SUPPLIED INFORMATION –
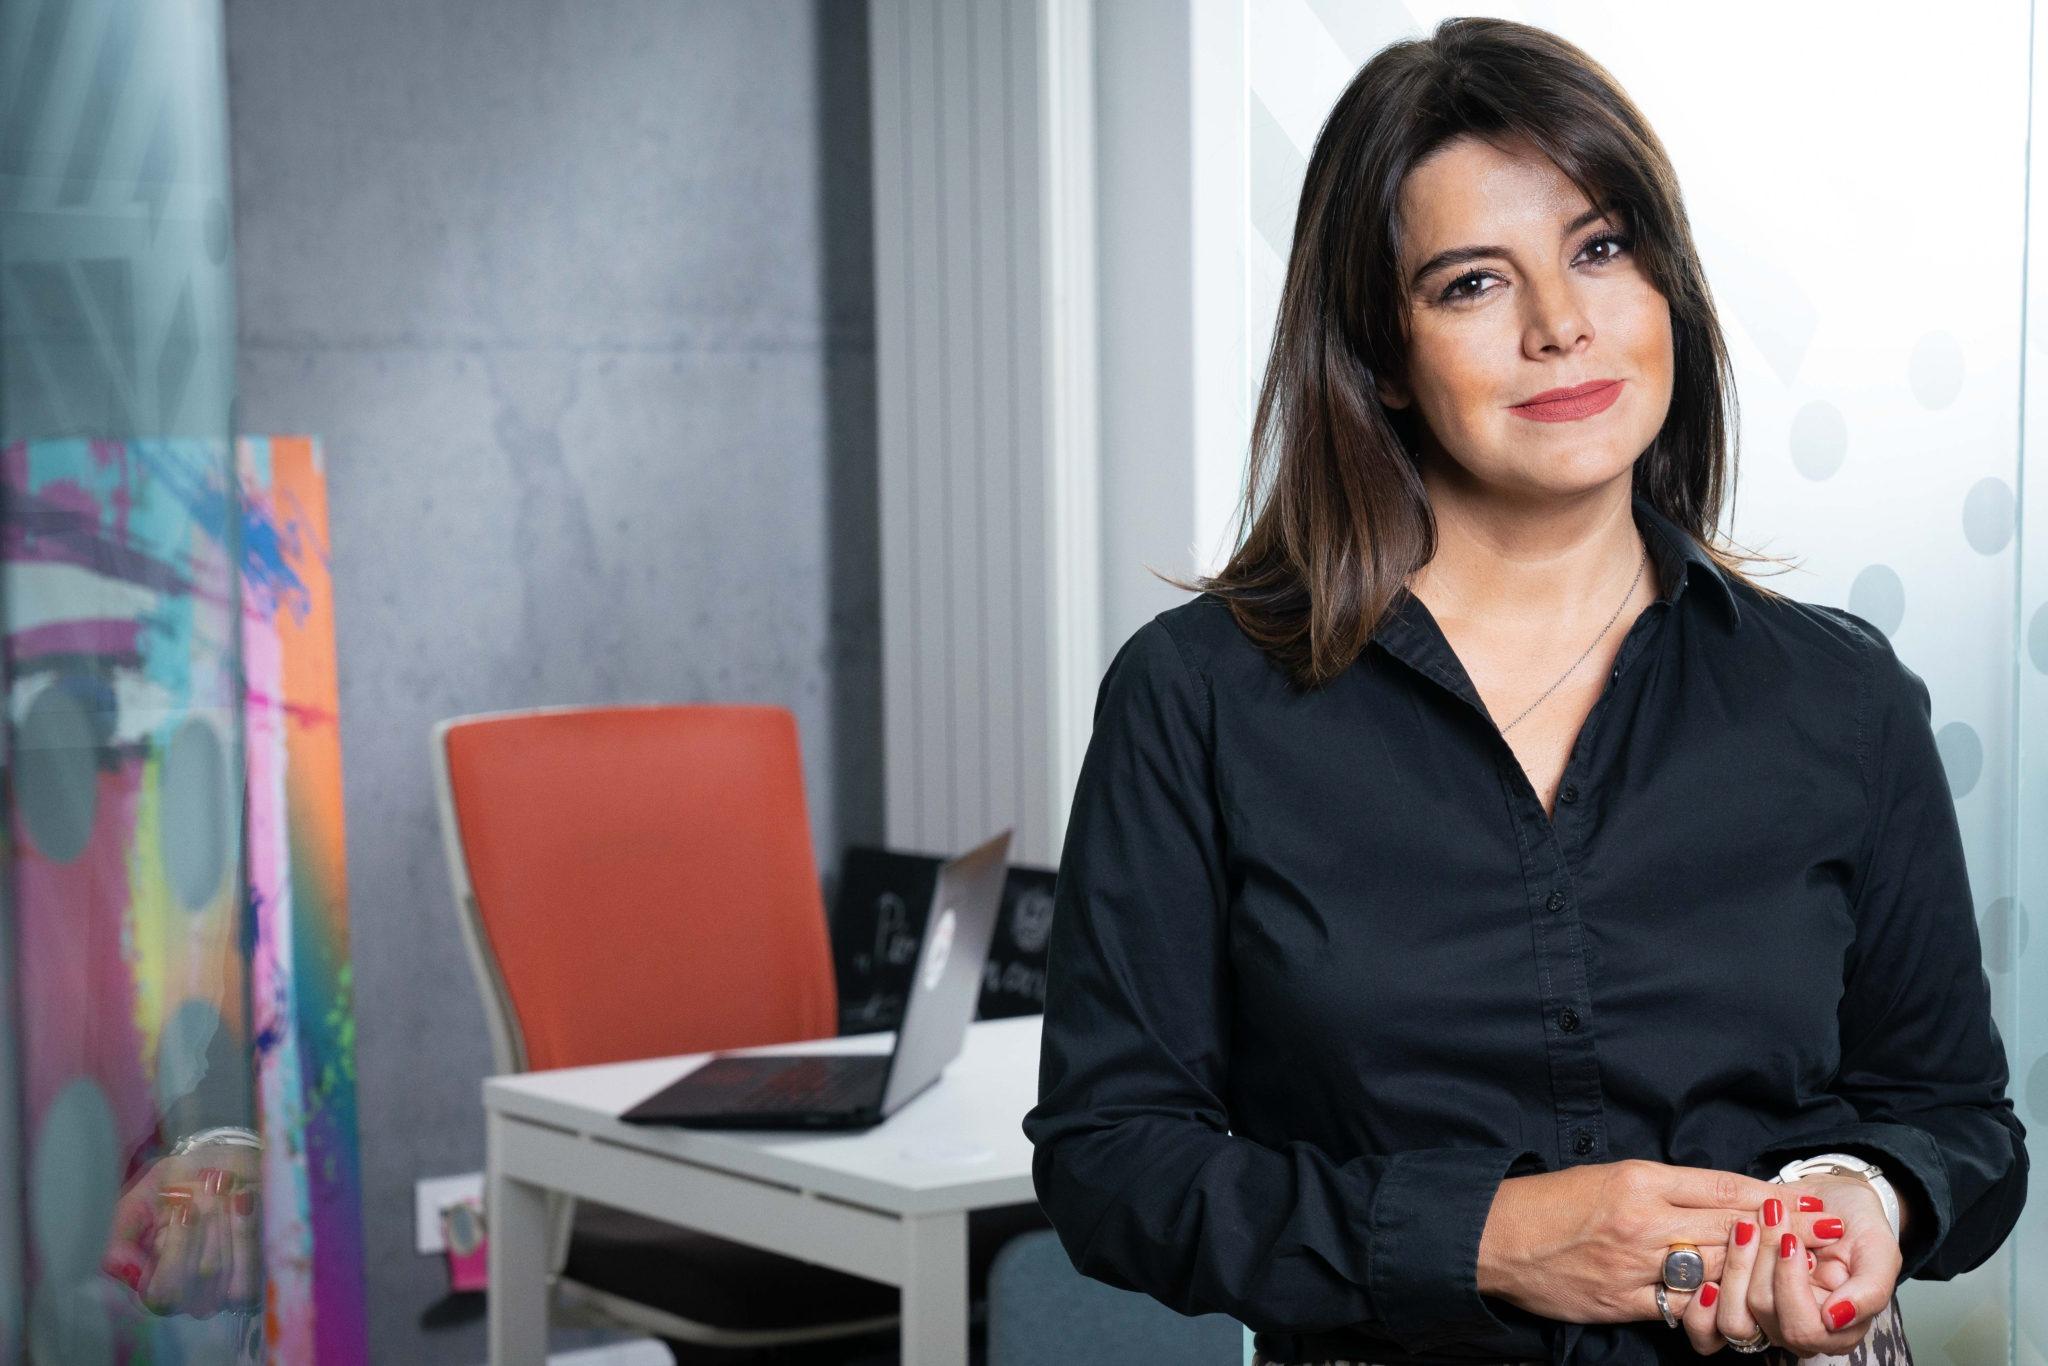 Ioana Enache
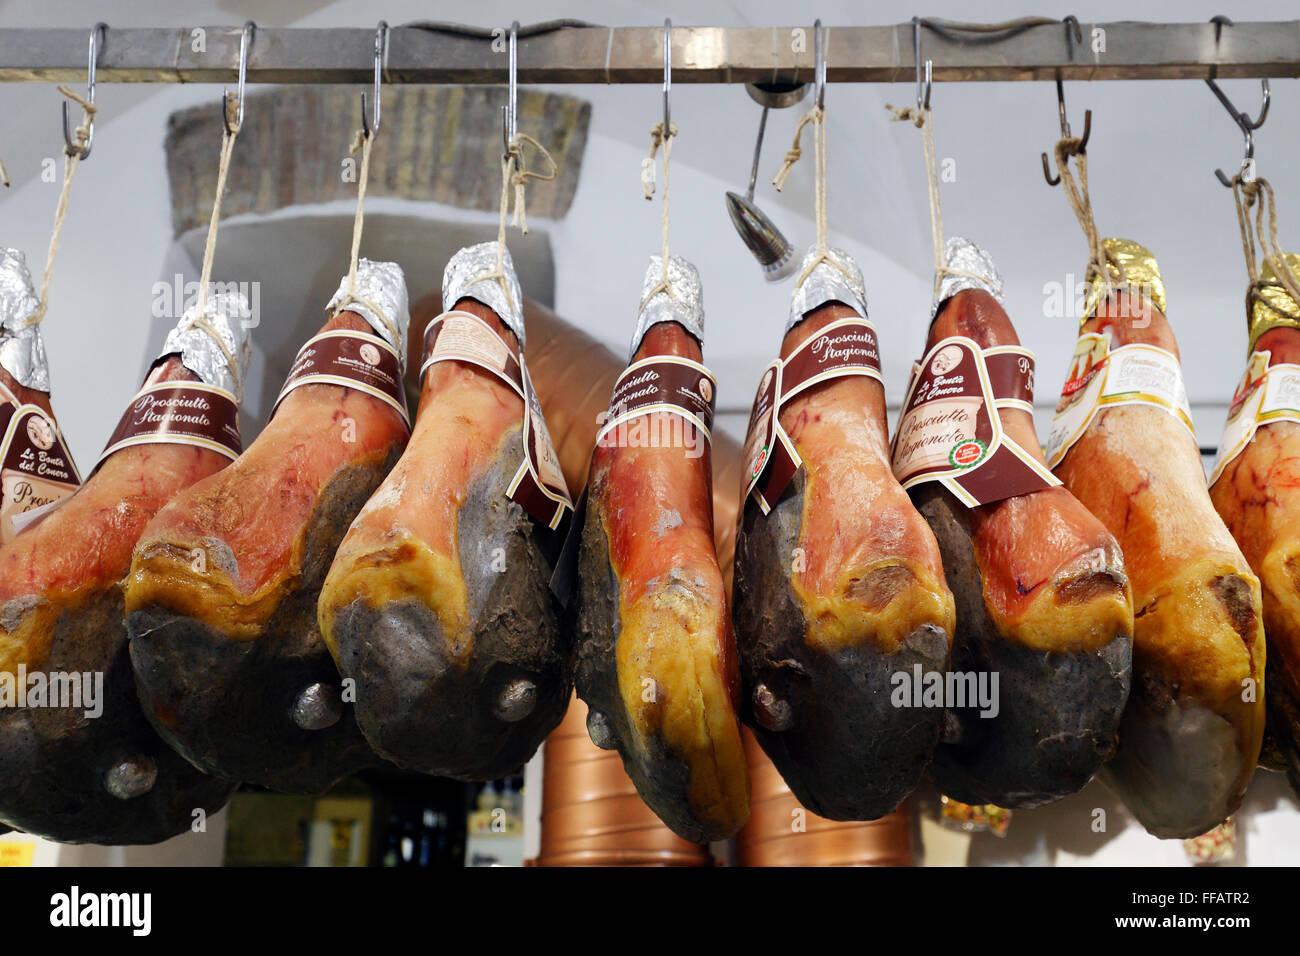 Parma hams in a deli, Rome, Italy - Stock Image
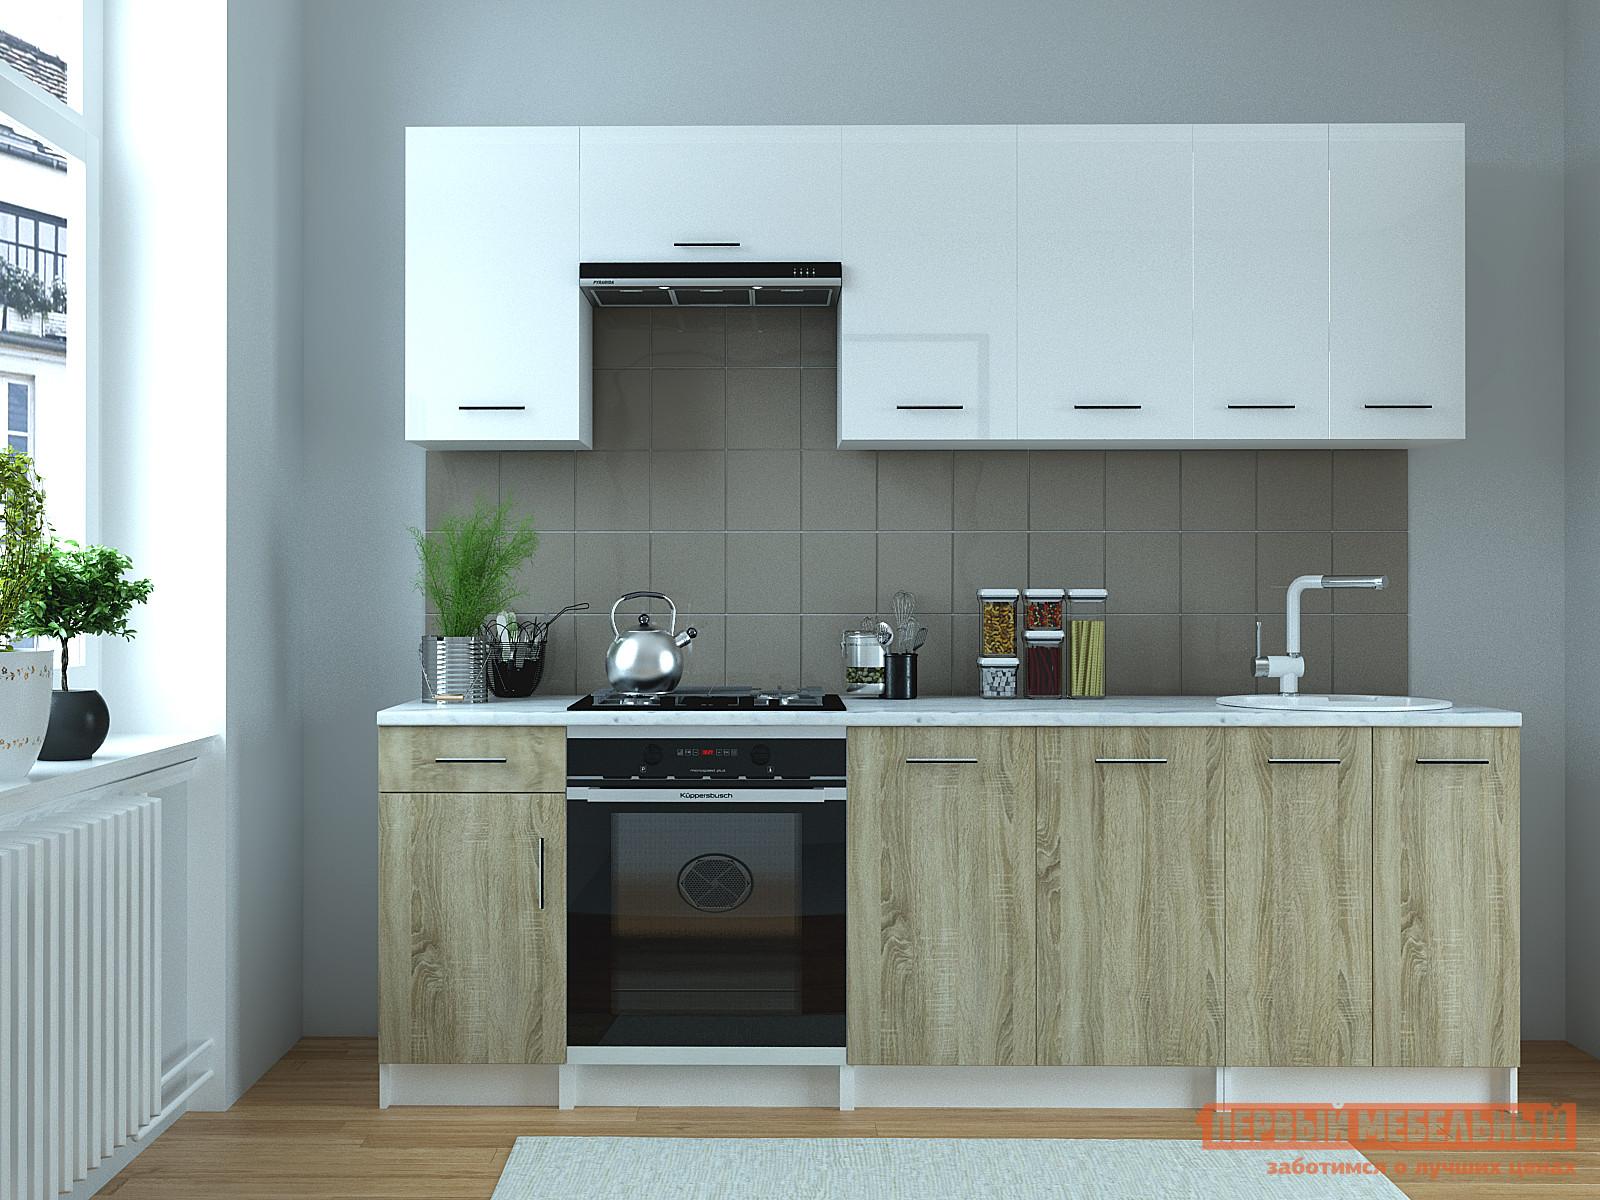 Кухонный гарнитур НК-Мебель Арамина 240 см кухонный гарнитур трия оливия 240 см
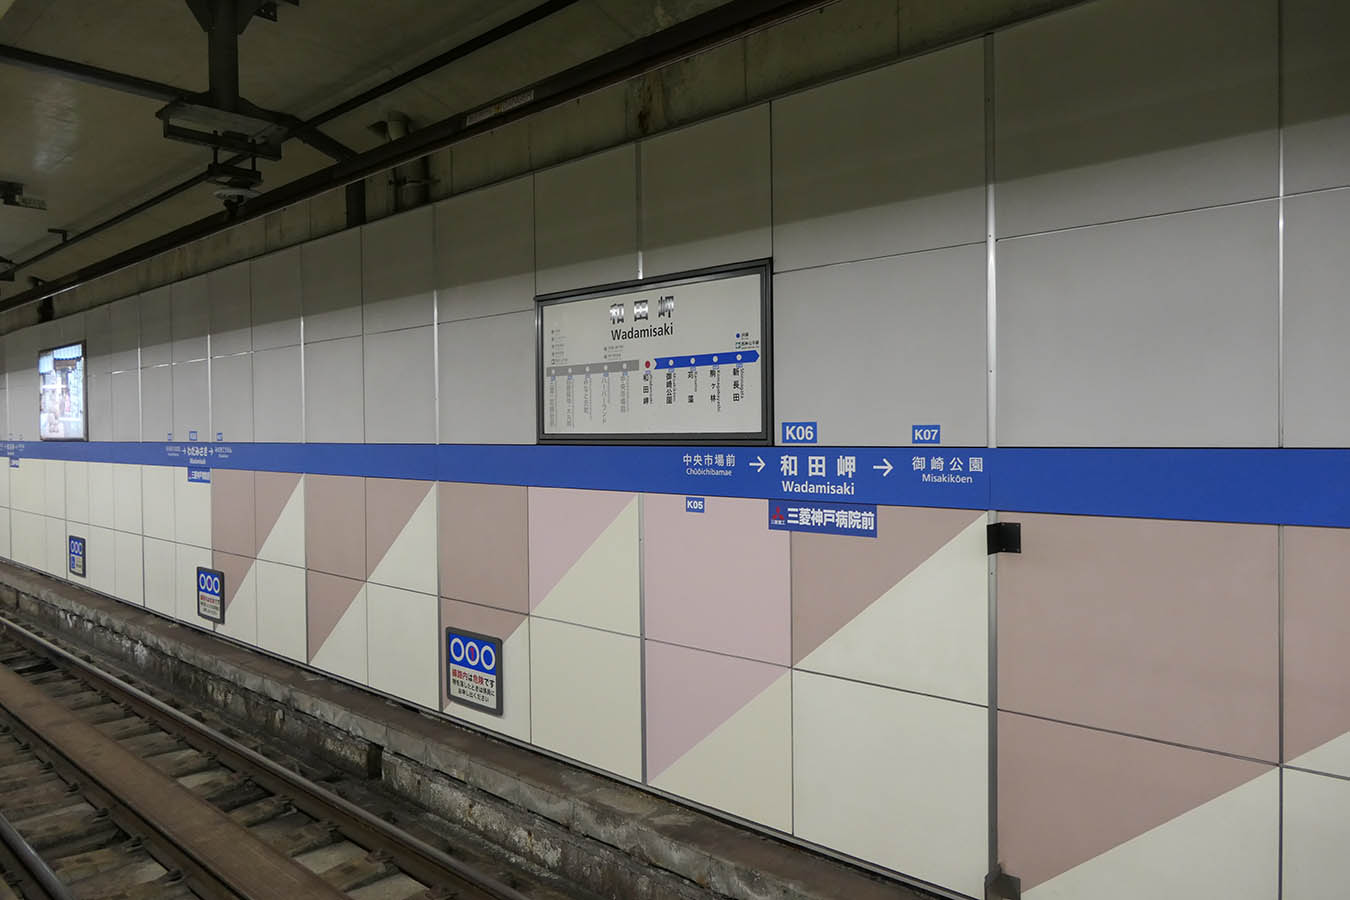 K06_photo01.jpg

WHAT TO PRODUCE – Give every line of the data above again as it stands; the pictures stay out.

EXERCISE OUTPUT –
 Ioana Enache
 Parma hams in a deli, Rome, Italy - Stock Image
 Кухонный гарнитур НК-Мебель Арамина 240 см кухонный гарнитур трия оливия 240 см
 K06_photo01.jpg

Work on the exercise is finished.